◆ Supplied data:
*-*-*
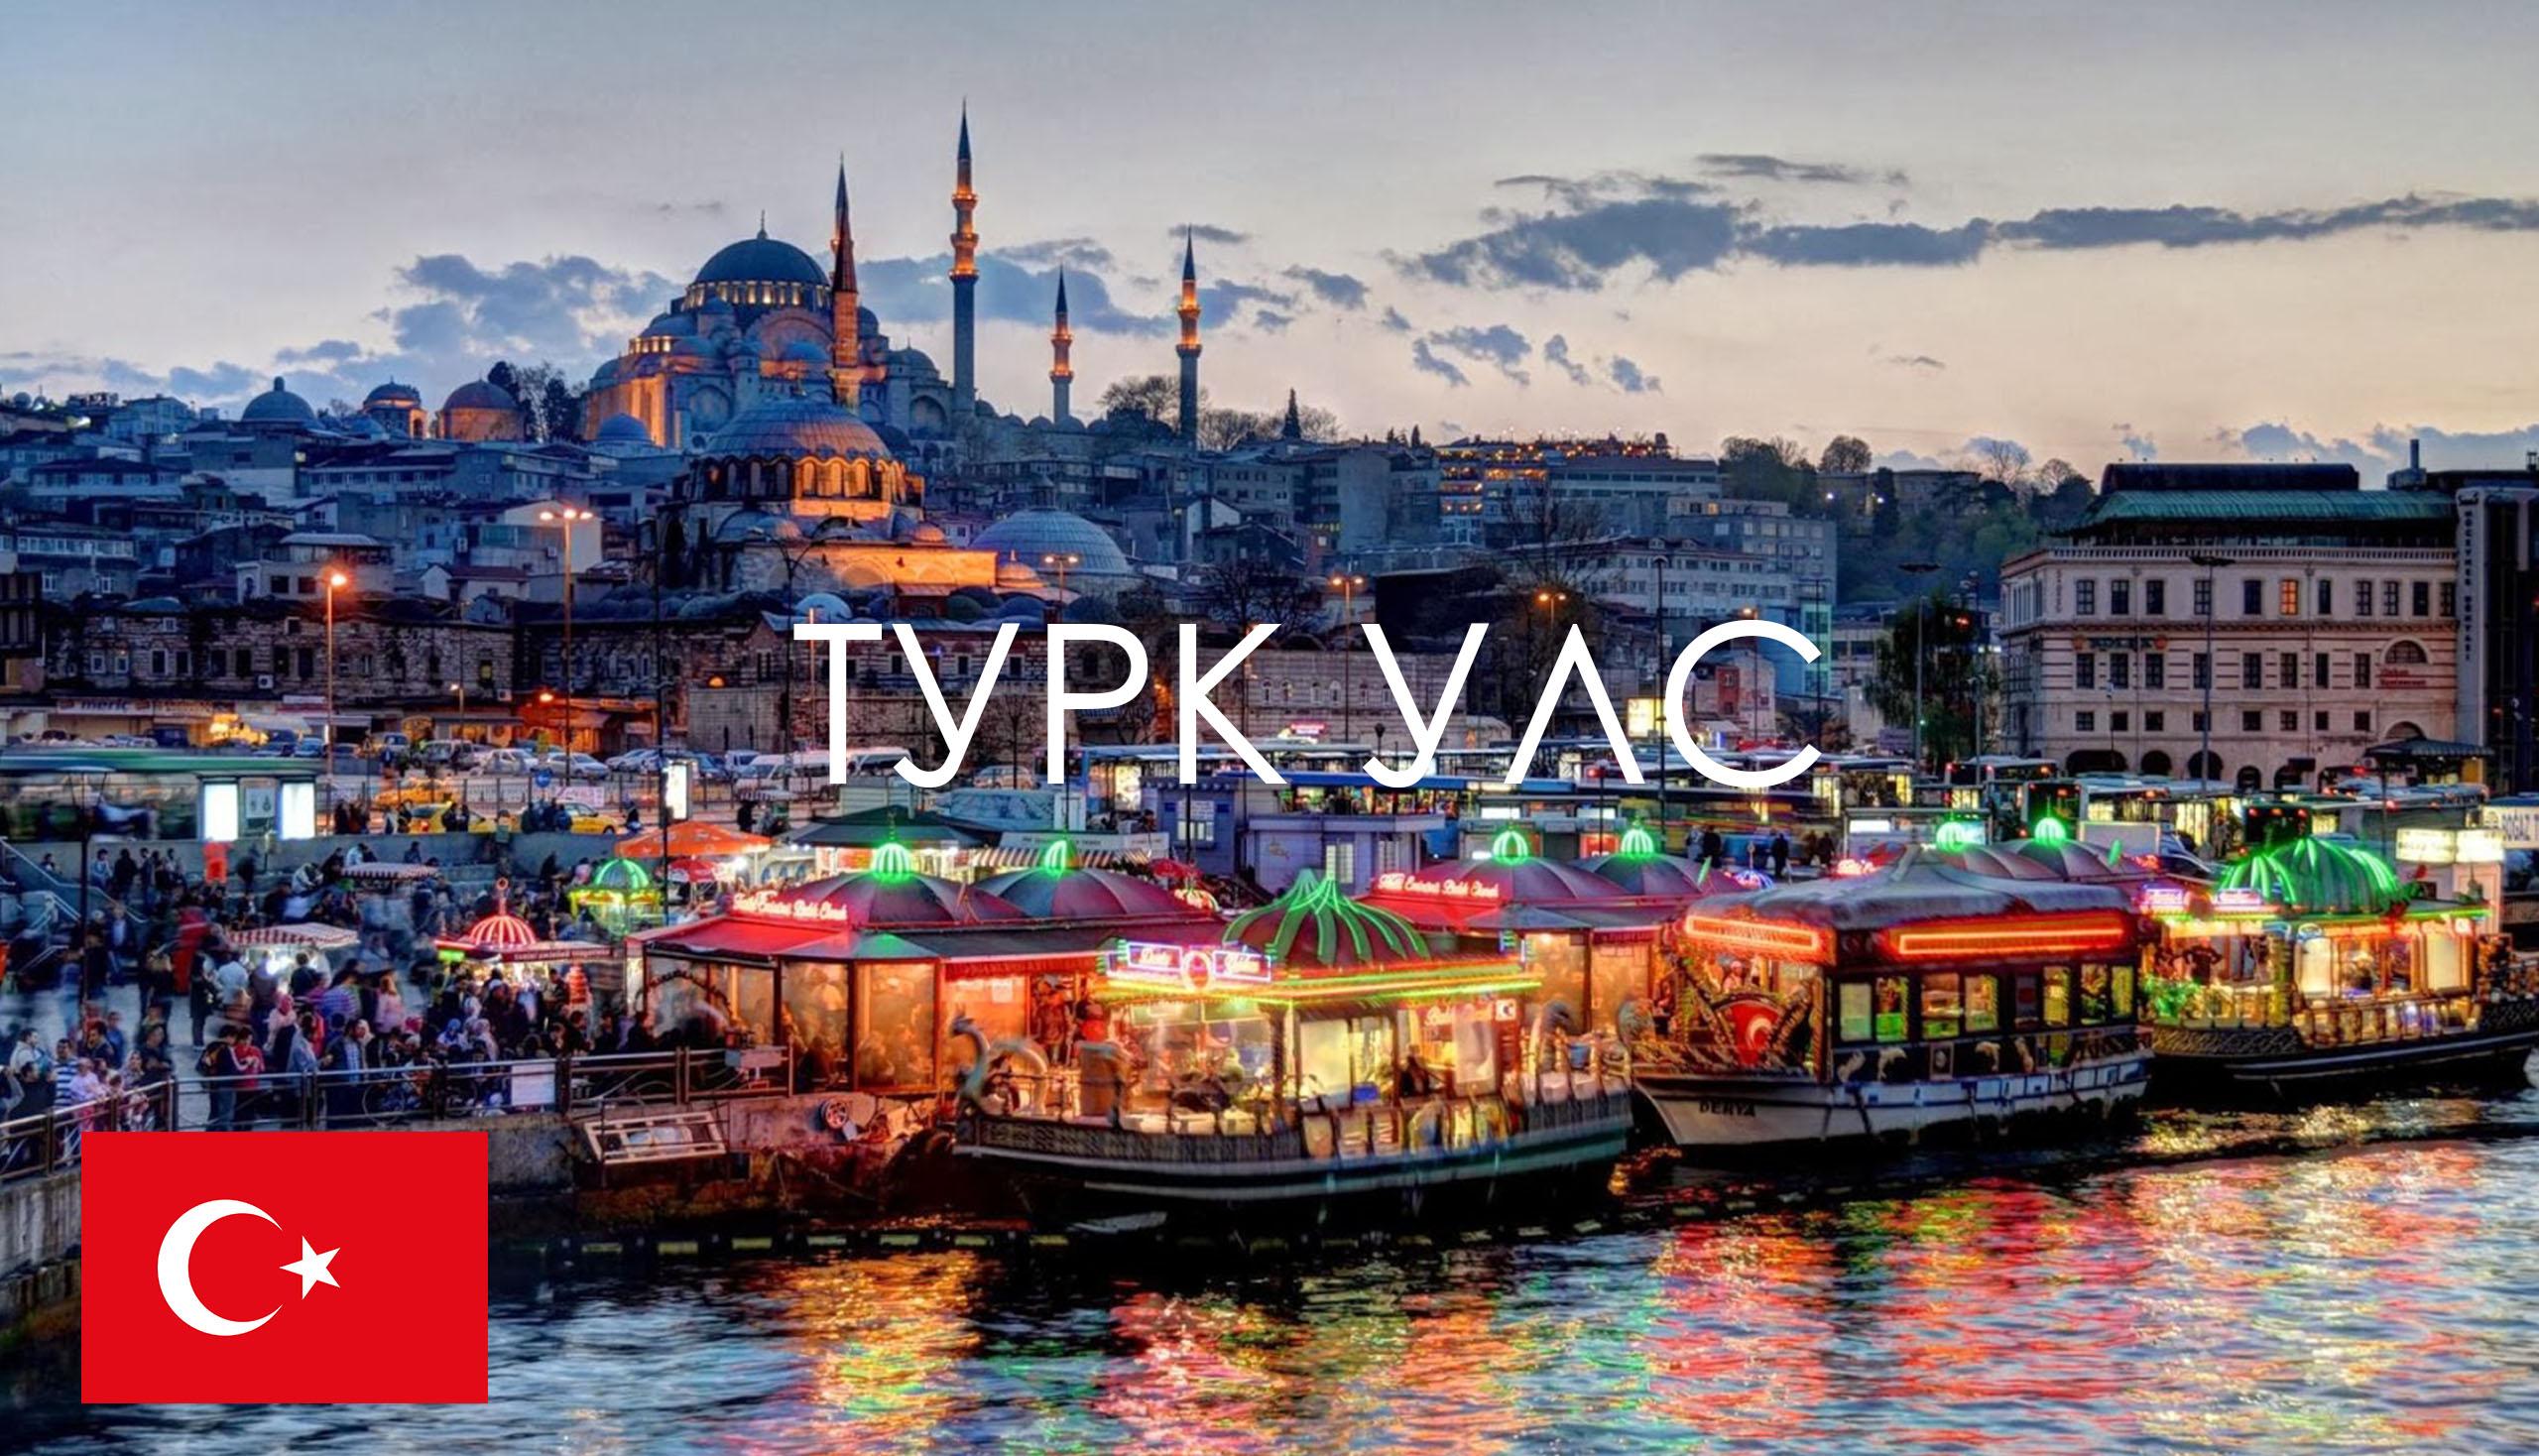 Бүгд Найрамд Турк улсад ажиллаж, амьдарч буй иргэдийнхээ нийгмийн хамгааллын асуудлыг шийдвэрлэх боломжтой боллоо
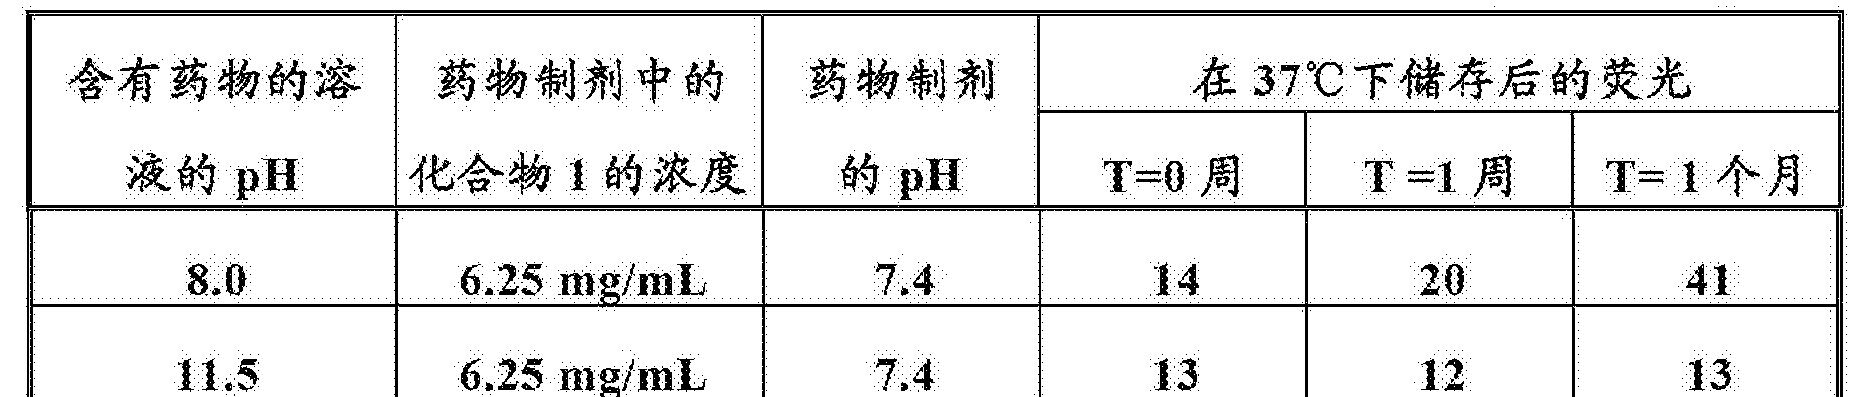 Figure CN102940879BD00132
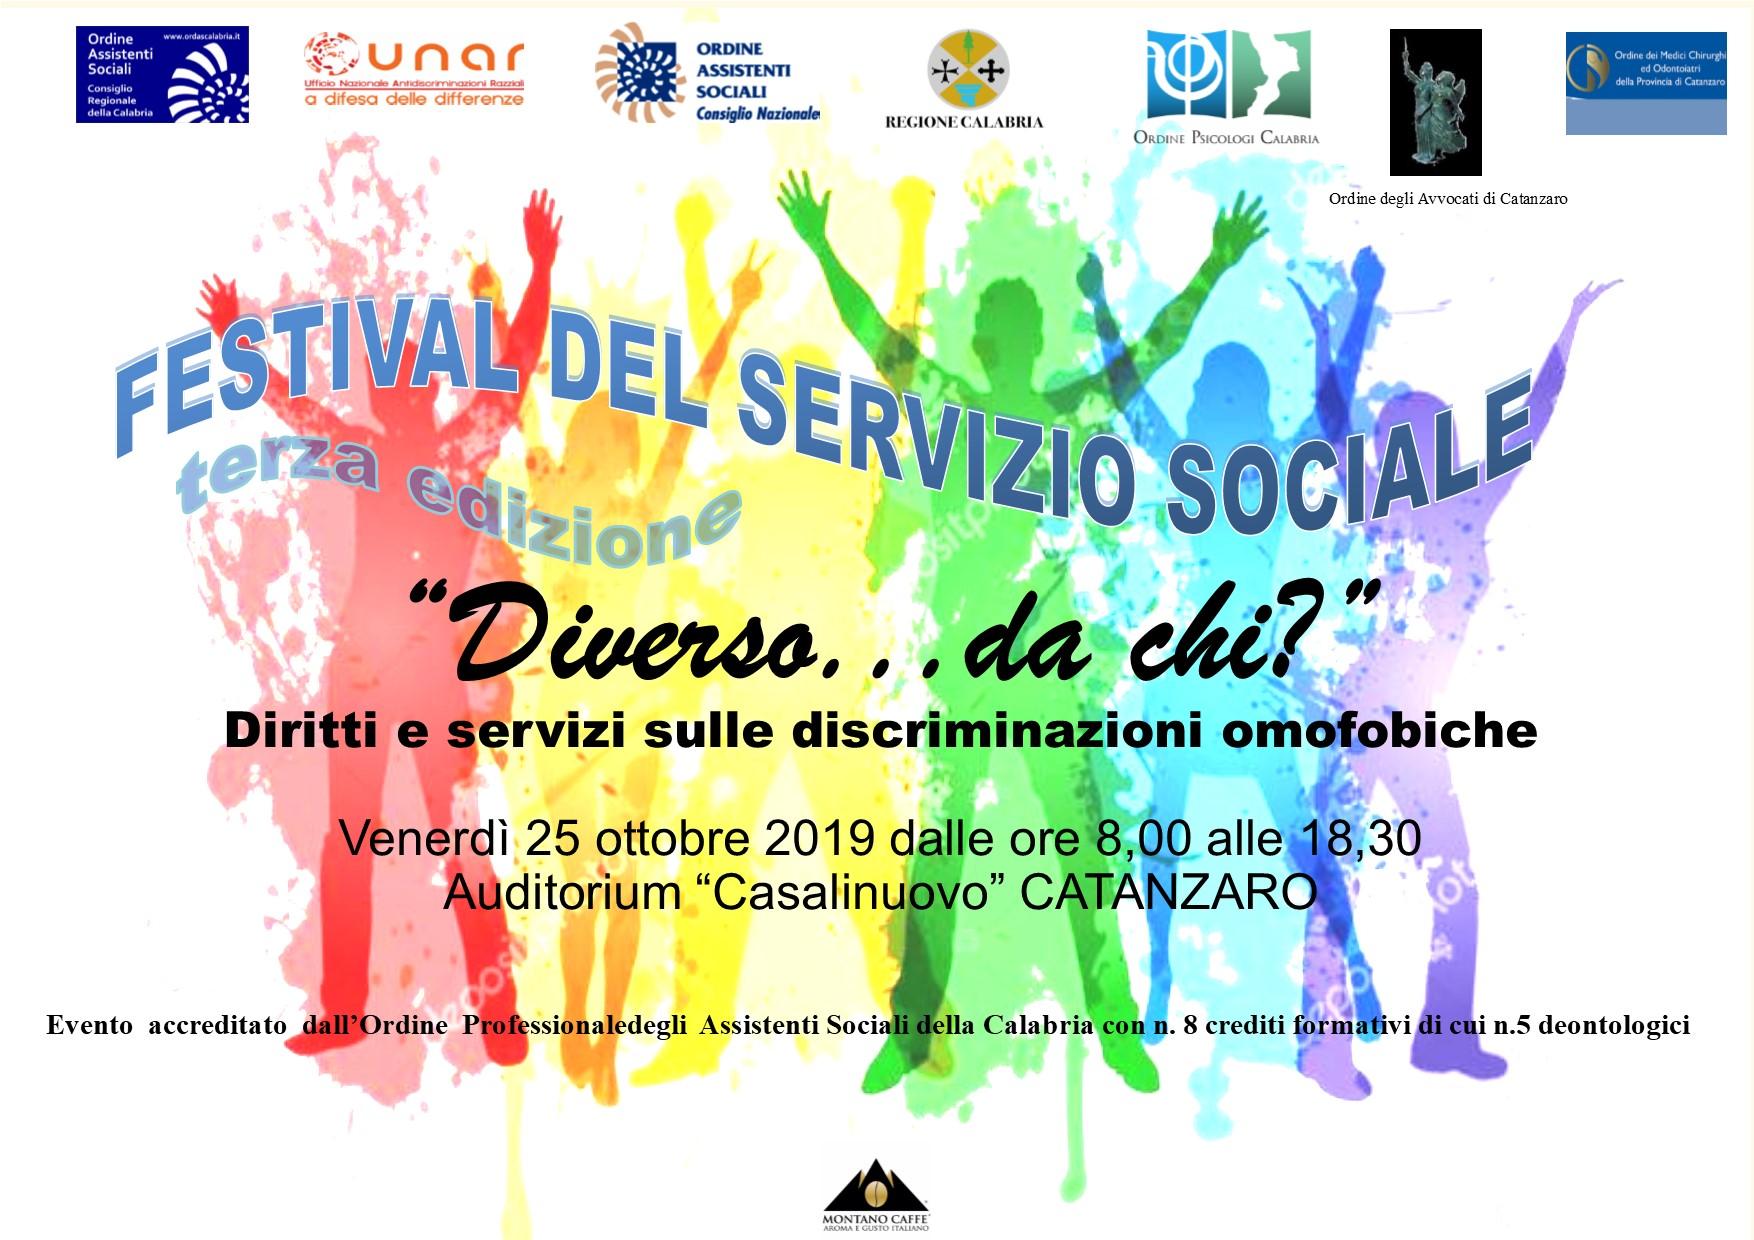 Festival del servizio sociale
*-*-*
◆ Task to carry out: Skip the pictures, then retype every line above exactly.

◆ Written answer:
 Бүгд Найрамд Турк улсад ажиллаж, амьдарч буй иргэдийнхээ нийгмийн хамгааллын асуудлыг шийдвэрлэх боломжтой боллоо
 Figure CN102940879BD00132
 Festival del servizio sociale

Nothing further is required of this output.